Still, Beattie knew another reason Ruby was a goner. Stein’s death was going to attract a lot of attention from Cosa Nostra. And that’s just how Jimmy wanted it. This was Jimmy’s first big power play. And it was either going to get them all killed or make Coonan’s crew an ally with the Italians.

Coonan walked Stein directly into the ambush.

As TJ English wrote in The Westies:

"Finally, Coonan walked in the door with Ruby Stein right behind him. Beattie immediately pulled the shades and pretended he was using the pay phone. Then he locked the door. Hess and Ryan greeted Ruby, who walked into the middle of the bar. Jimmy told him to take a seat at the counter, he’d be right back. ... Suddenly Danny Grillo burst out of the kitchen with a .32-caliber automatic aimed straight ahead. “Oh my God!” gasped a startled Ruby Stein as Grillo fired six shots, hitting him in the chest, arms, and leg. .... It was over just that fast."

(Grillo was never indicted because he was dead, having been murdered in 1978.)

Ruby Stein, left, was dismembered in Hell’s Kitchen in what's now Mr. Bigg's Bar and Grill. Formerly it was the 596 Club, owned by Jimmy Coonan.

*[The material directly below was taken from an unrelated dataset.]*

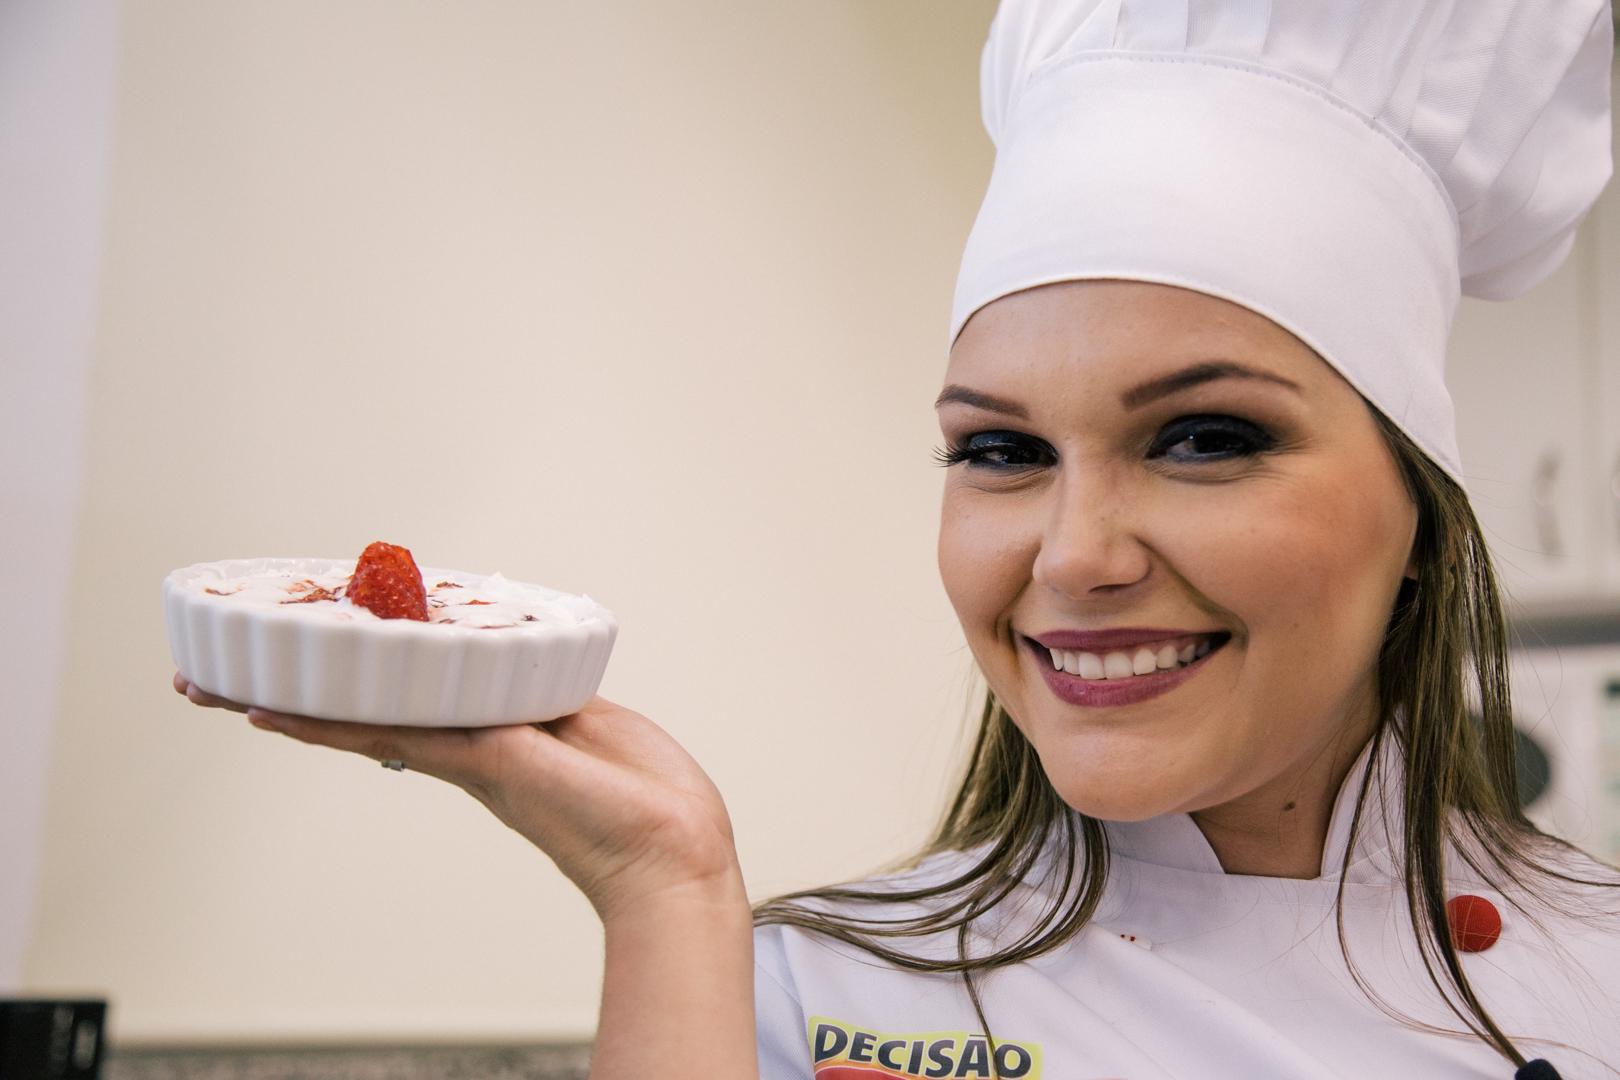 Receita de Torta de Morango com Chantilly - Decisão Atacarejo

Coonan embraced Grillo after his bullets had cut Stein down. Then the wily Coonan sought to tie his accomplices to him via blood. He ordered Beattie and others involved to also pump bullets into Stein’s corpse. As Beattie noted: ″Richie Ryan shot him, gave me the gun and I shot him.″

Jimmy then pulled off Ruby's shoes and socks -- and $1,000 in cash plopped into the floor of the dive bar. The killers piled the money on the bar and divied it up, as Beattie said. Stein’s body was then placed on plastic sheets and dragged to the rear of the bar, where it was cut up...


A follow-up story will be published soon...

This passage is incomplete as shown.